Table 1 Range of metal concentrations measured in whole mussel soft tissues (MMussels) and in abiotic environmental compartments (sediment [MSed], suspended particles [MTPM], and water column [dissolved (MDis) and particulate matter (MPart)]) at the sampling sites during the study period. Sites are grouped according to their location, outside (non-harbor sites) or inside (harbor sites) Vigo Harbor. Codes for sampling sites are described in the main text. Dry weight (dw); not applicable (n.a.).
| Non-harbor sites | Harbor sites | |||||||
| BA | CA | MO | AG | RE | ViB | ViN | ||
| MMussels (µg·g-1 dw) | ||||||||
| Cd | 0.53 | 0.66-0.73 | 0.57-0.77 | 0.50-0.77 | 0.55-0.61 | 0.57-1.2 | 1.0 | |
| Cu | 7.5 | 4.5-6.6 | 5.4-7.6 | 5.9-9.3 | 4.1-9.9 | 33-109 | 59 | |
| Pb | 2.0 | 2.0-2.5 | 2.1-3.0 | 3.7-4.5 | 4.0-4.7 | 3.9-15 | 7.5 | |
| Zn | 217 | 266-393 | 213-271 | 257-270 | 230-290 | 342-369 | 411 | |
| MSed (µg·g-1 dw) | ||||||||
| Cd | 0.15 | 0.08-0.17 | 0.20-0.44 | 0.46-0.52 | 0.53-0.70 | 0.70-1.4 | 0.64 | |
| Cu | 9.3 | 29-37 | 44-49 | 70-83 | 51-55 | 199-363 | 367 | |
| Pb | 18.5 | 67-78 | 45-110 | 63-139 | 112-185 | 117-217 | 305 | |
| Zn | 53 | 127-180 | 144-177 | 216-264 | 157-190 | 510-1530 | 299 | |
| MTPM (µg·g-1 dw) | ||||||||
| Cd | n.a. | 0.17-0.62 | 0.12-0.40 | 0.18-1.3 | 0.24-0.42 | 0.17-0.63 | 0.19 | |
| Cu | n.a. | 17-93 | 29-83 | 36-145 | 29-85 | 32-518 | 69 | |
| Pb | n.a. | 19-78 | 29-70 | 32-148 | 51-180 | 29-102 | 56 | |
| Zn | n.a. | 38-555 | 50-580 | 91-543 | 94-192 | 133-556 | 166 | |
| MPart (µg·L-1)a | ||||||||
| Cd | n.a. | 0.40-1.4 | 0.27-0.61 | 0.45-3.1 | 0.55-0.93 | 0.33-0.69 | 0.49 | |
| Cu | n.a. | 0.04-0.15 | 0.06-0.27 | 0.09-1.1 | 0.08-0.13 | 0.07-0.58 | 0.18 | |
| Pb | n.a. | 0.05-0.14 | 0.06-0.17 | 0.08-1.1 | 0.16-0.24 | 0.06-0.19 | 0.15 | |
| Zn | n.a. | 0.09-0.97 | 0.10-1.1 | 0.16-1.8 | 0.25-0.37 | 0.29-1.4 | 0.43 | |
| MDis (µg·L-1) | ||||||||
| Cd | <0.01b | <0.01b | <0.01b-0.5 | <0.01b | <0.01b | <0.01b | 0.07 | |
| Cu | 0.17-0.46 | 0.27-1.6 | 0.22-1.0 | 0.32-1.3 | 0.37-1.2 | 0.51-17 | 2.9 | |
| Pb | 0.10-0.19 | 0.16-0.6 | 0.1-0.4 | 0.09-0.49 | 0.11-1.6 | 0.11-0.93 | 0.14 | |
| Zn | 0.77-2.4 | 0.74-4.1 | 0.79-4.5 | 1.2-3.7 | 0.4-20 | 1.6-48 | 6.5 | |
aExcept Cd concentrations, which are expressed in ng·L-1.
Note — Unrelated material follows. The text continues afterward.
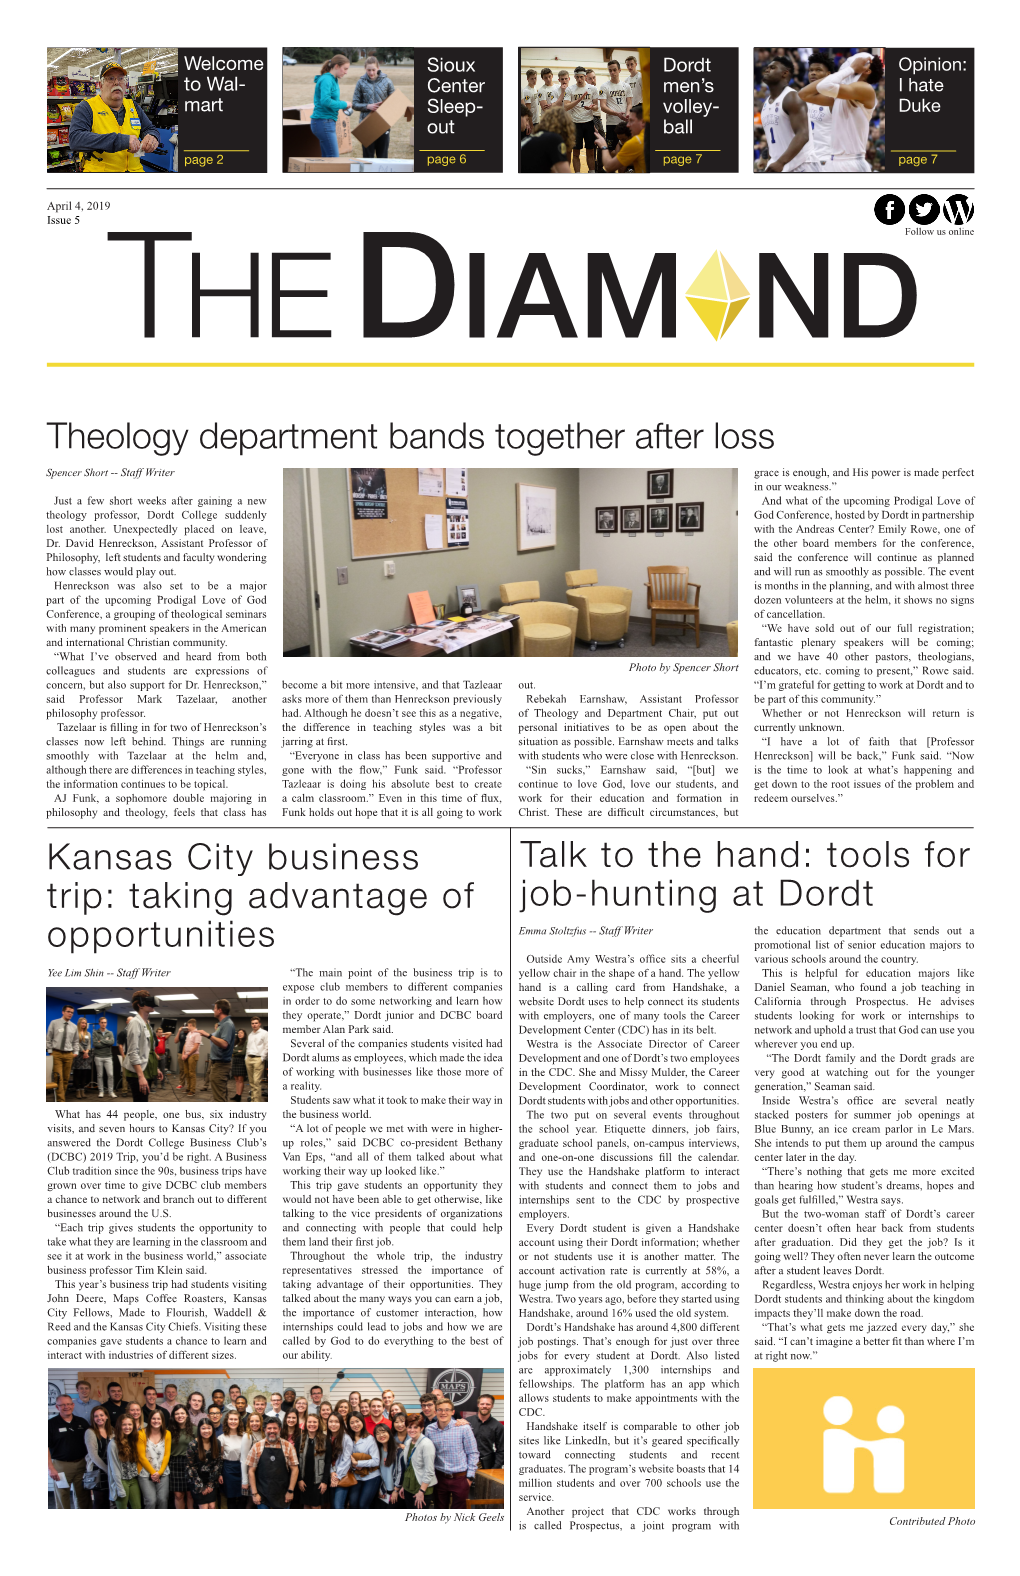 Tools for Job-Hunting at Dordt Theology Department Bands Together After
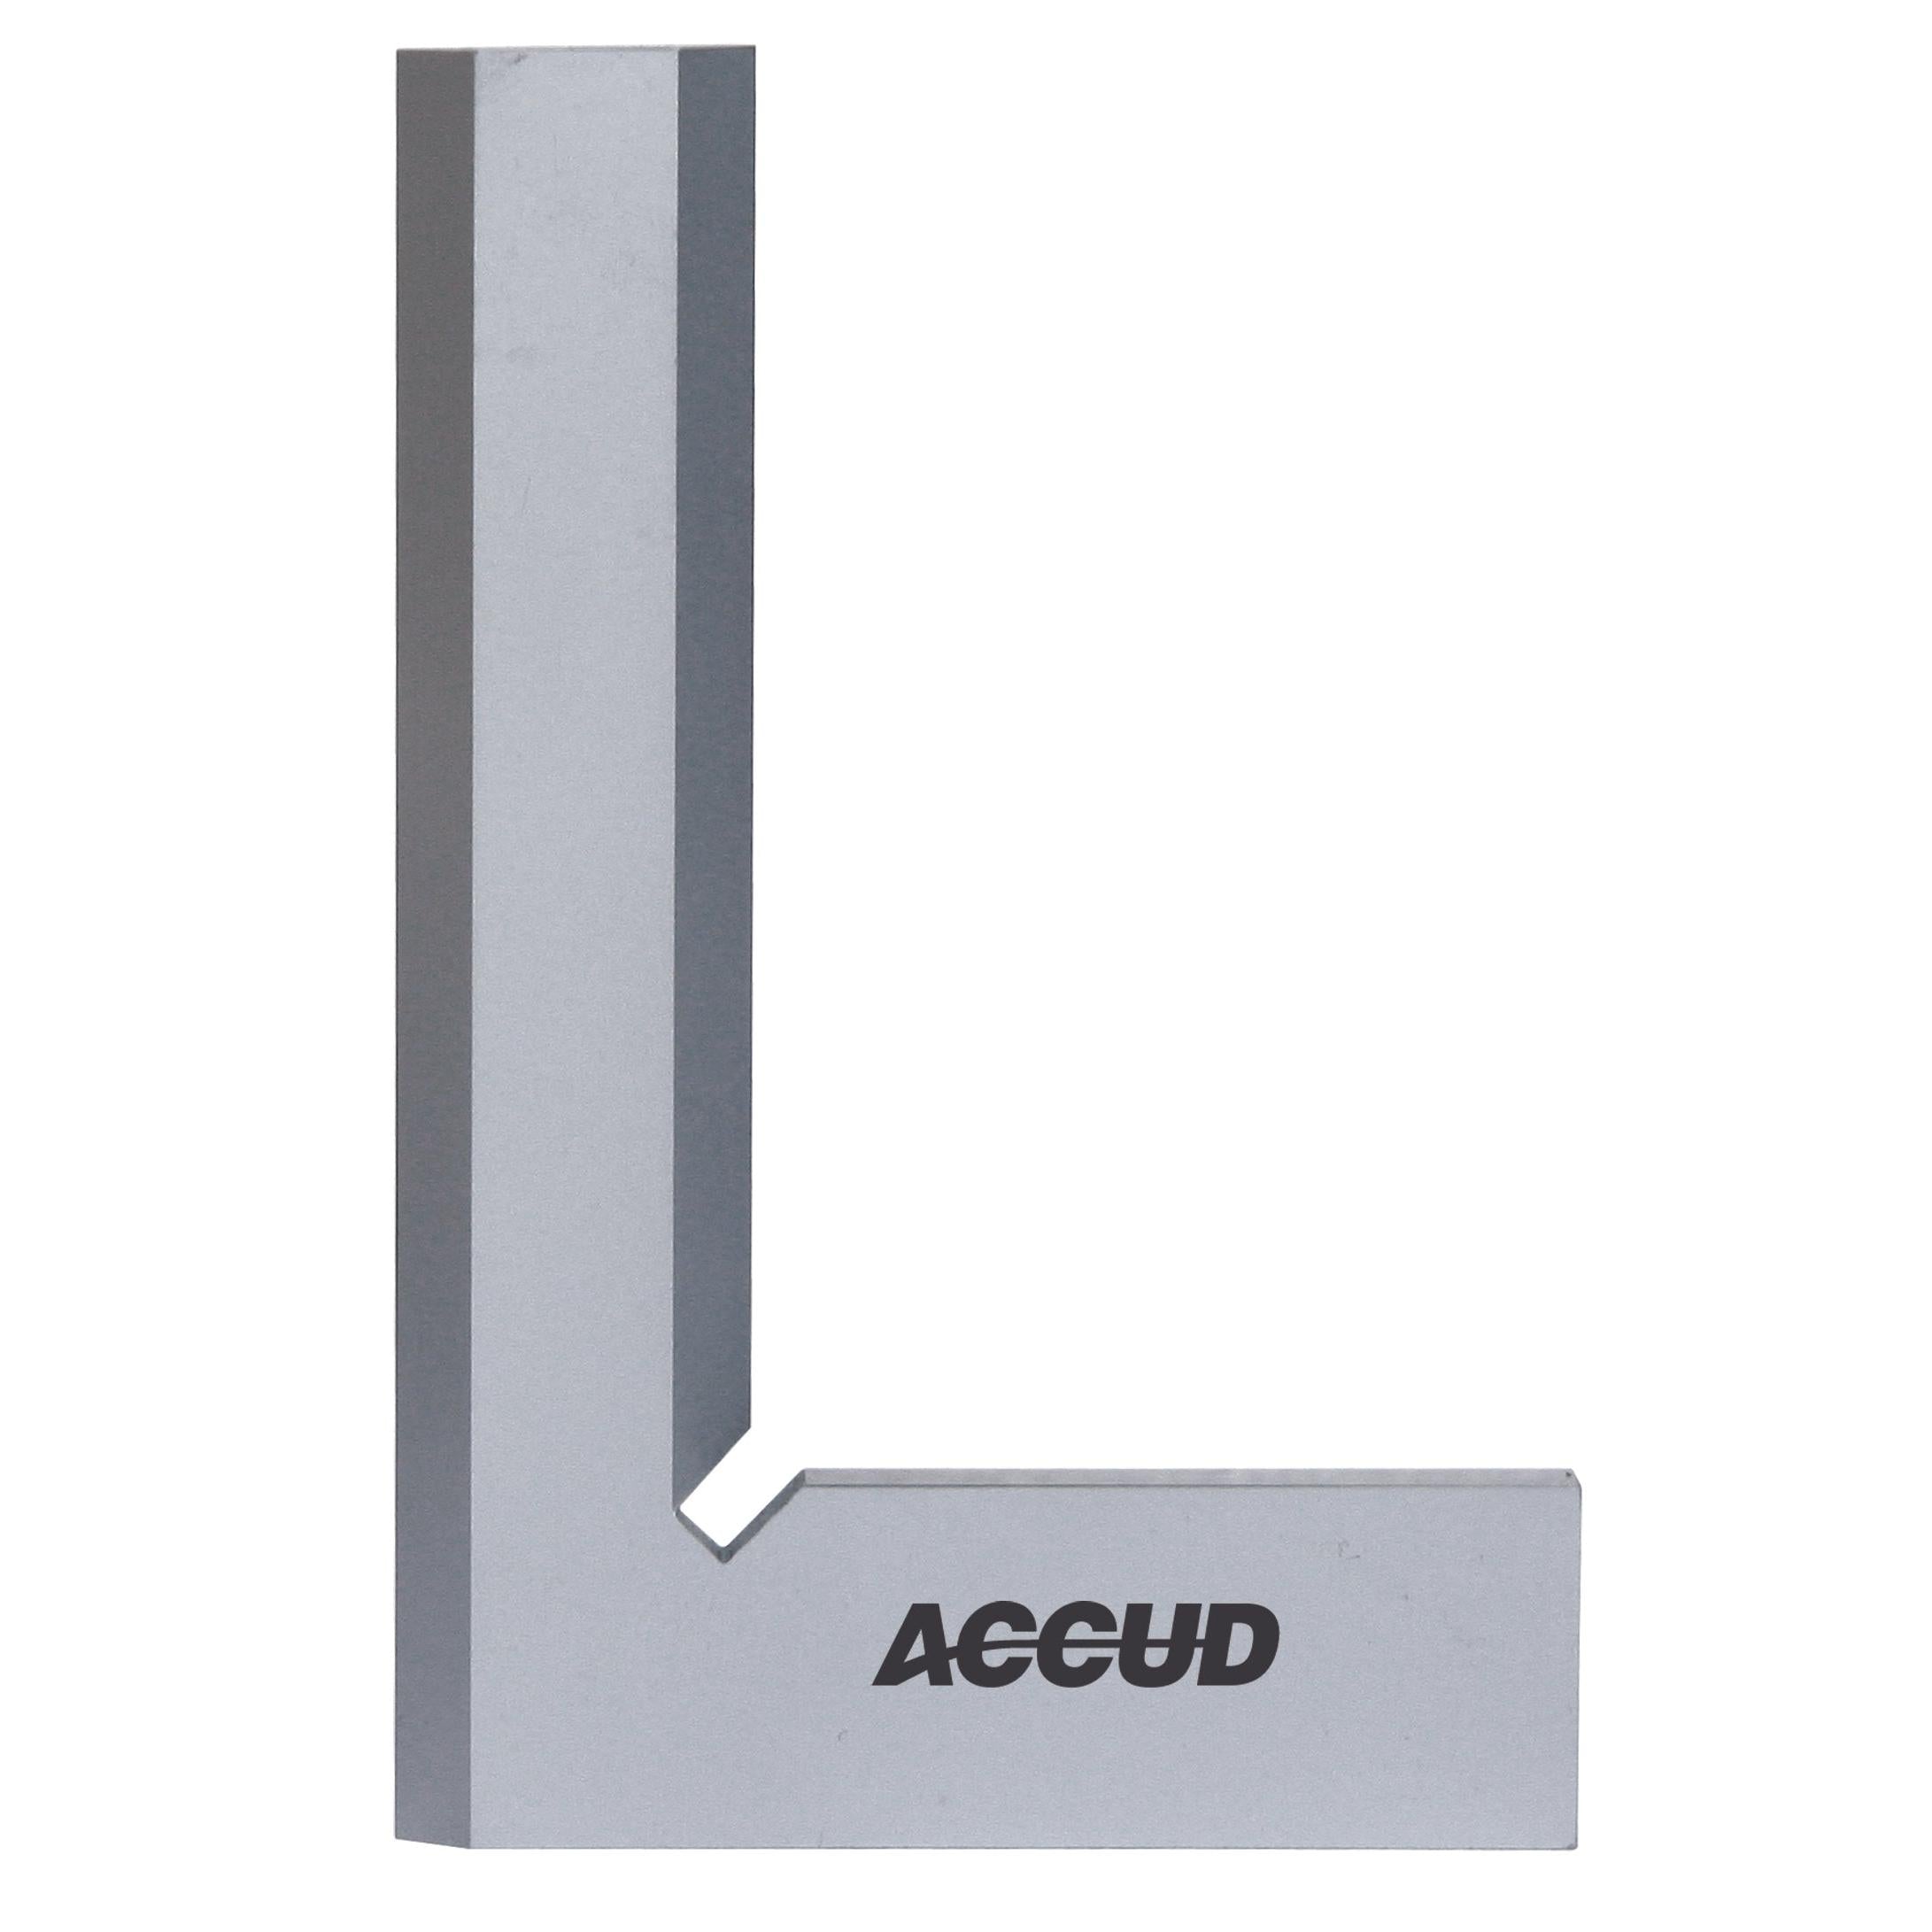 ACCUD | Beveled Edge Square 150X100Mm | 832-006-00 Power Tool Services

bDetection limit for dissolved Cd.
Regarding the water column, Cu and Zn concentrations were lower in the particulate phase than in the dissolved phase, with partition coefficients of 0.21 ± 0.17 (n = 31) for Cu and 0.27 ± 0.29 (n = 30) for Zn. Compared to other metals, Pb showed a higher tendency to be on the particulate phase, with higher partition coefficients (0.68 ± 0.61, n = 32).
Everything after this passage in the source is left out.